YOLO (You Only Look Once) — real-time object detection system
Machine learning is a powerful tool, but despite all the enthusiasm it is important to remember potential project challenges. Some of these are listed below.
Obviously a machine cannot learn—whether it be prediction, clustering or pattern detection—without input data. Machine learning models usually require a precise description of the task. It is not possible (in 2019) to just unleash an AI algorithm on the entirety of a company’s fragmented data assets without precise requirements. For example, in order to train a prediction model pertaining to customers, all the data that might be relevant for the model (e.g. products bought, images of purchased products, customer comments, sales statistics, address etc.) has to be brought together in a single system. If the model is not only supposed to be a proof of concept exercise, permanent data integration processes have to be constructed.

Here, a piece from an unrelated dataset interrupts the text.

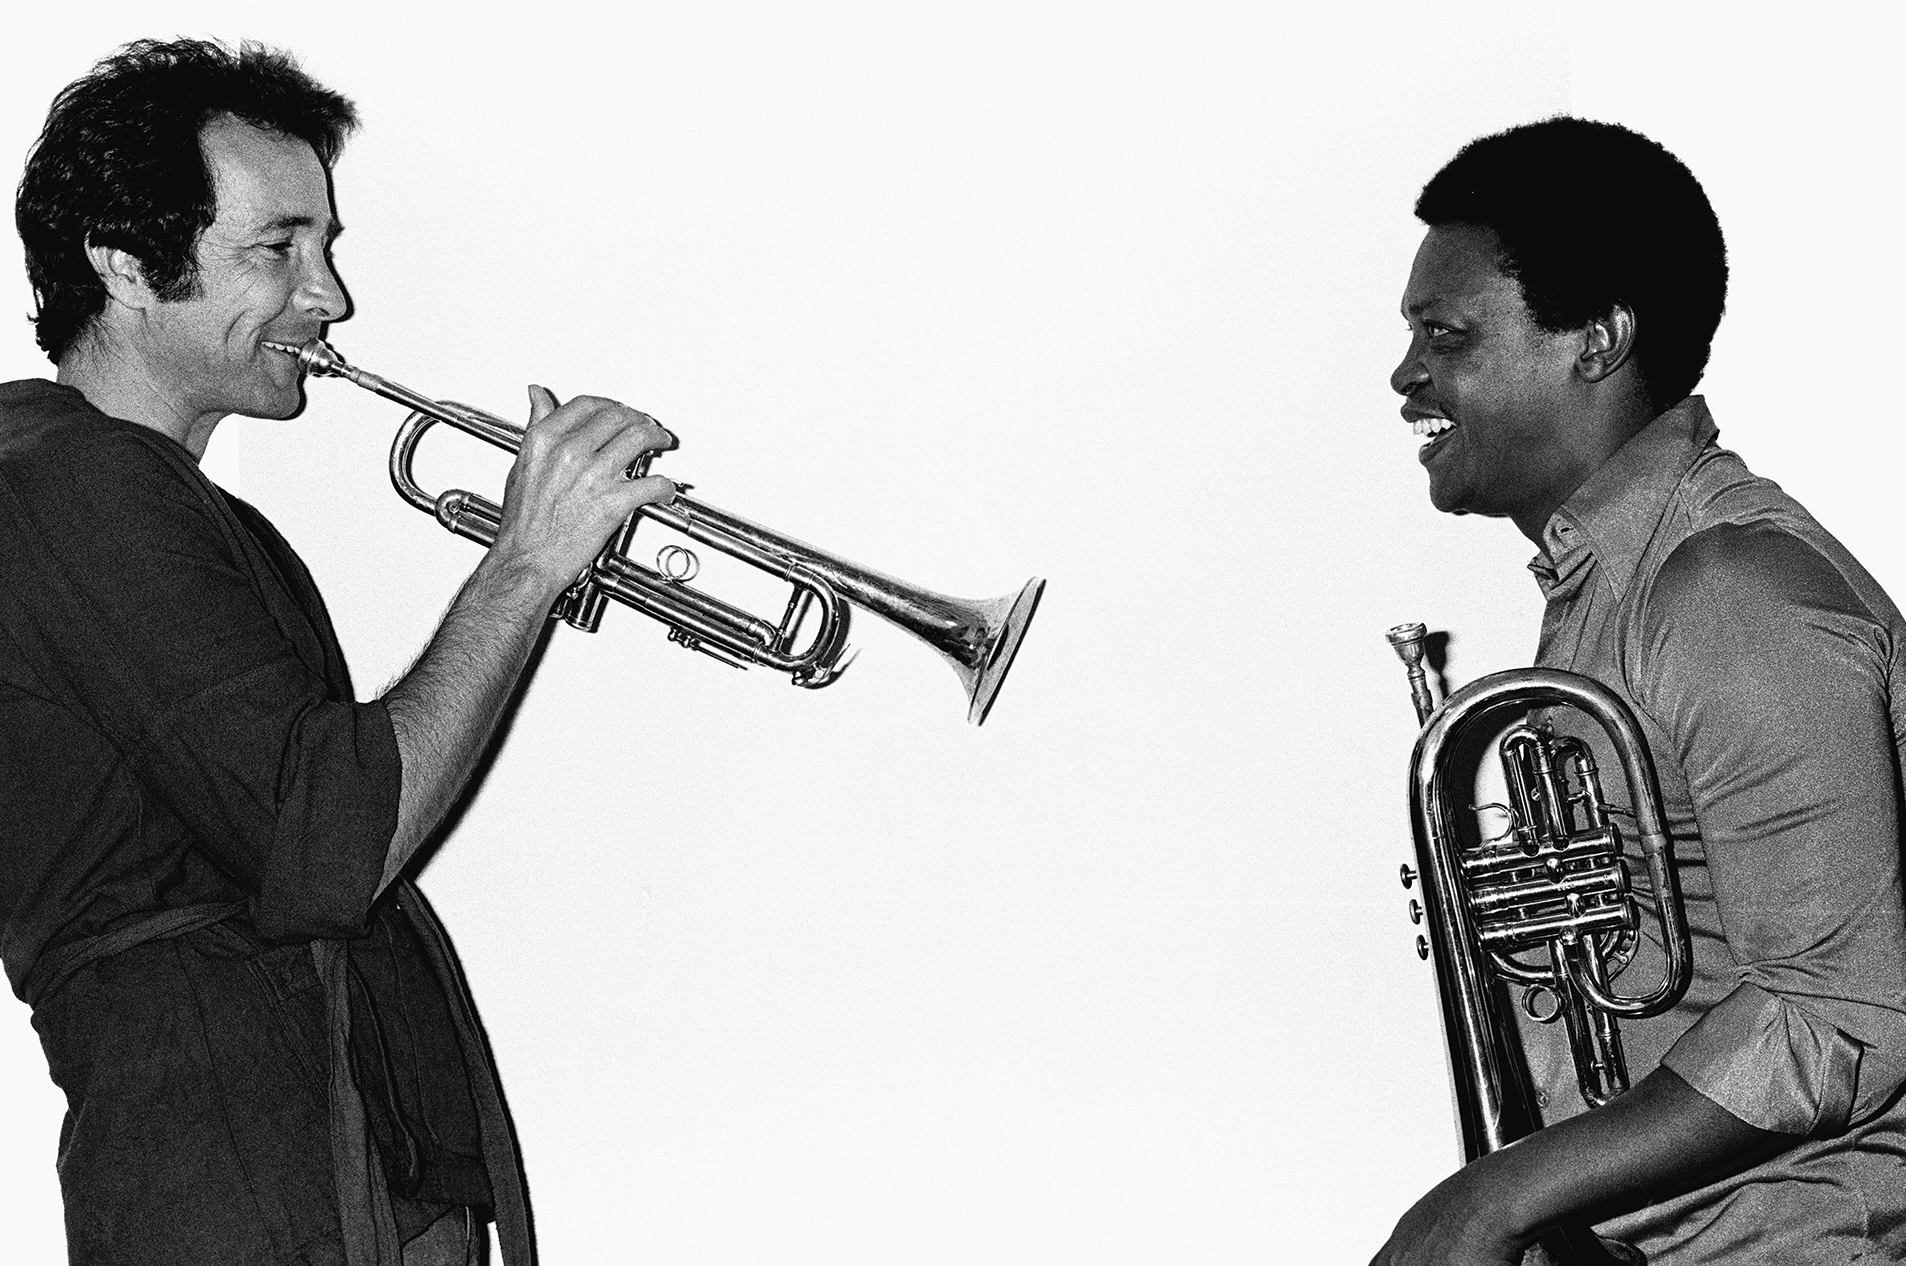 Herb Alpert and Hugh Masekela

Very often it is not clear what data is available in the company and how the various data sources are related to each other. Data discovery is a process that needs to take place even before data integration. Needless to say, the data landscape is evolving all the time, so this effort has to be regularly repeated.

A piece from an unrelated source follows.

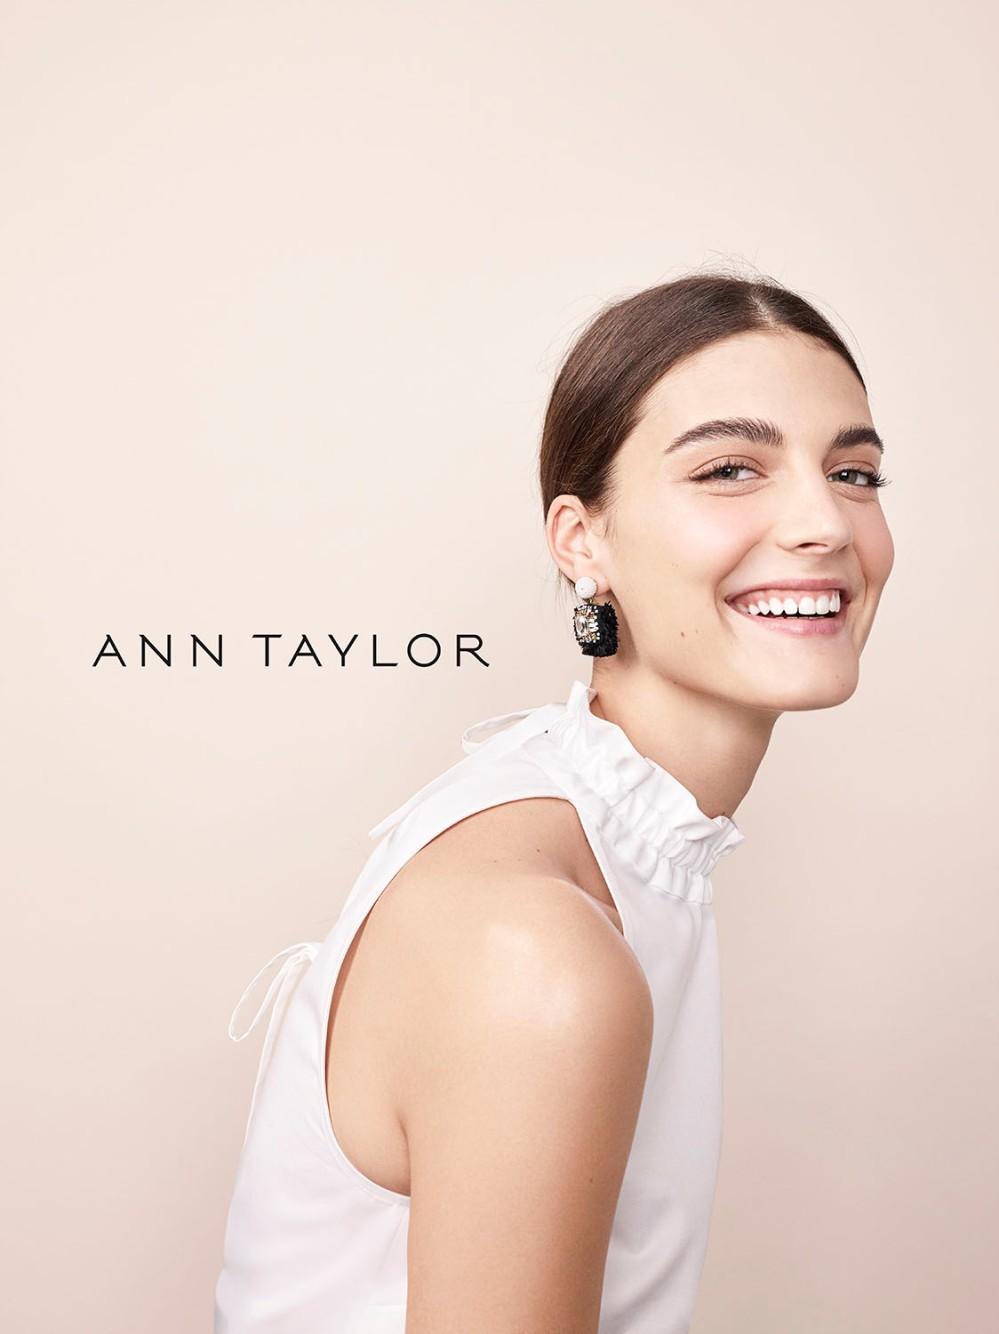 Ann Taylor_MEI TAO_Thomas Treuhaft_April17_Dresses_Fashion Photography 2

Machine learning models are often susceptible to very minor disturbances in the data. A sheet of paper presumably sold for €100,000 is an example of such a disturbance. Records like this need to be dealt with either by simple data removal, or in more advanced scenarios by data correction.

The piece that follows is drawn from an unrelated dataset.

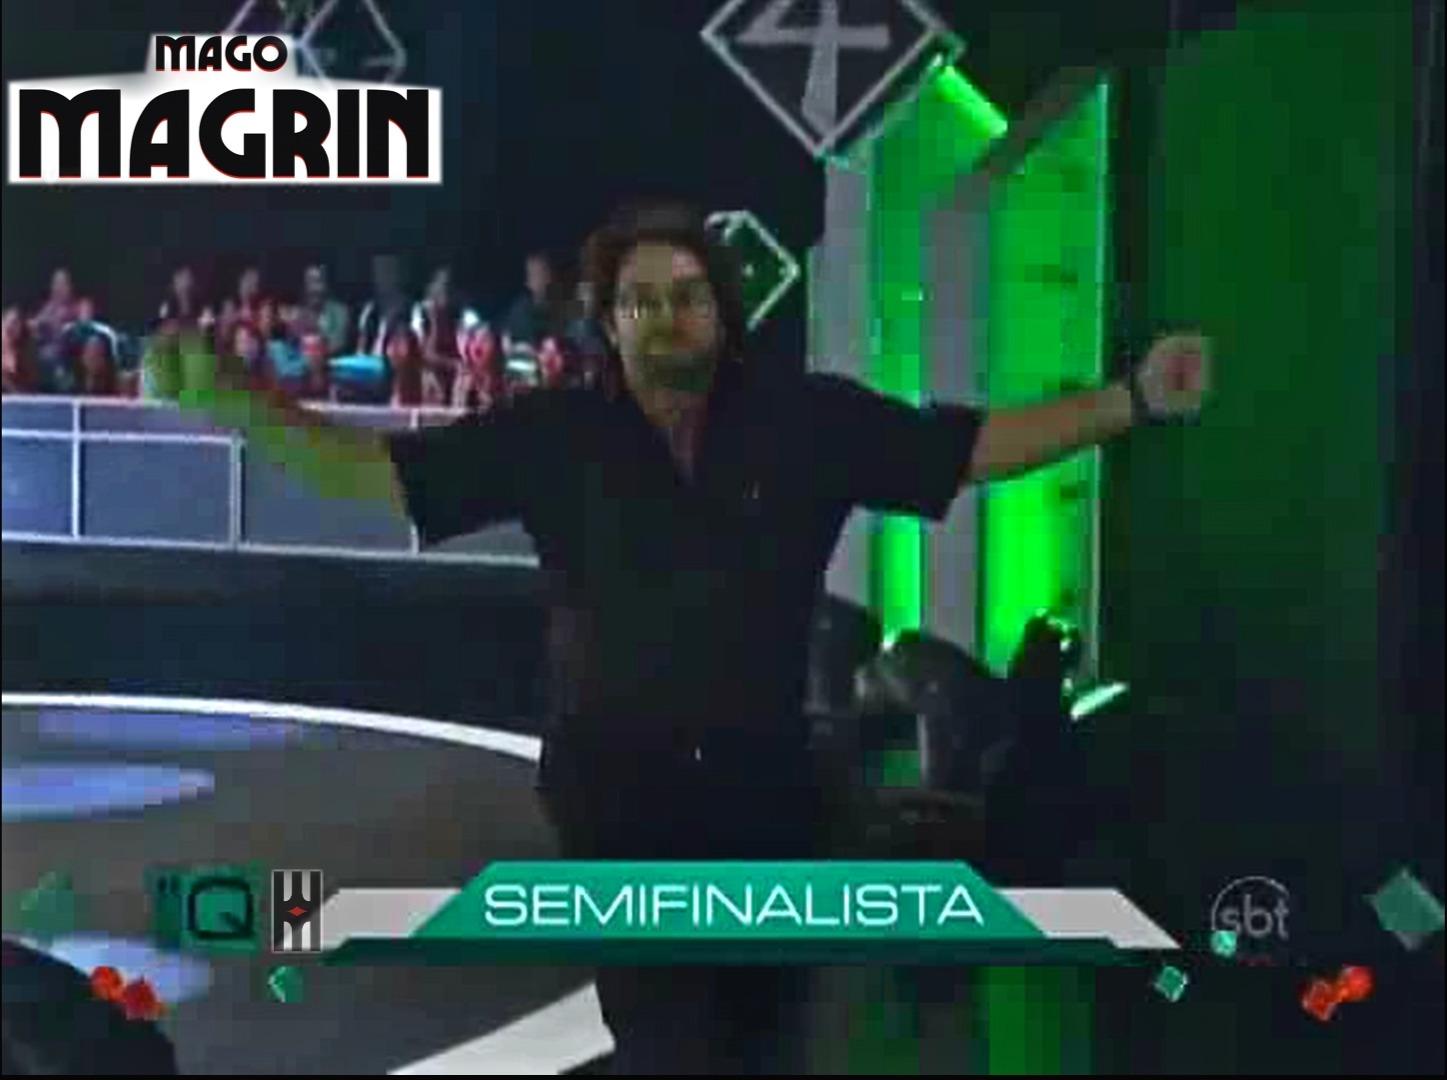 Mago Magrin Semifinalista dancinha final

Machine learning is not magic, it just uncovers relationships in the collected data. So what if no relationships can be found? That means that either not enough data has been collected, or that the relationships do not exist. Either way, the models would not provide a satisfactory performance.
It is not enough to train a machine learning model once. Models need to be constantly retrained with new data so that they remain up-to-date. And what if the model strongly impacts customer behavior, which becomes its own future input data? This creates additional feedback loops that might need to be considered.
The issues raised so far are results of the nature of problems, tools and techniques available. Alongside them, there is also a group of disturbances that are caused by the machine learning hype itself.
Fear of missing out
Fear is rarely a good advisor, especially when it comes to long-term decision making. Fear of missing the next IT revolution can cause decision-makers to follow risky paths, or even to neglect core business processes in favor of more progressive, but not necessarily profitable initiatives.
Risk of overinvestment
Each project costs money. Machine learning and analytical projects are mostly about uncovering unknown relationships or automating a decision-making process based on collected data and human-provided learning vectors. In either case, it is often not known at the beginning of the analysis if the relationships indeed exist, how strong they are, and how difficult it would be to find them. This makes it very hard to predict if the investment returns would be worth it.
Fixation on deep learning
For many people, machine learning and deep learning through neural networks are synonymous. In reality, neural networks are just one possible family of models. Ironically, neural networks are one of the least “learning” of all the model types, as they use fixed network architectures. Different problems call for different network architectures, and the whole network design process is often driven by human intuition.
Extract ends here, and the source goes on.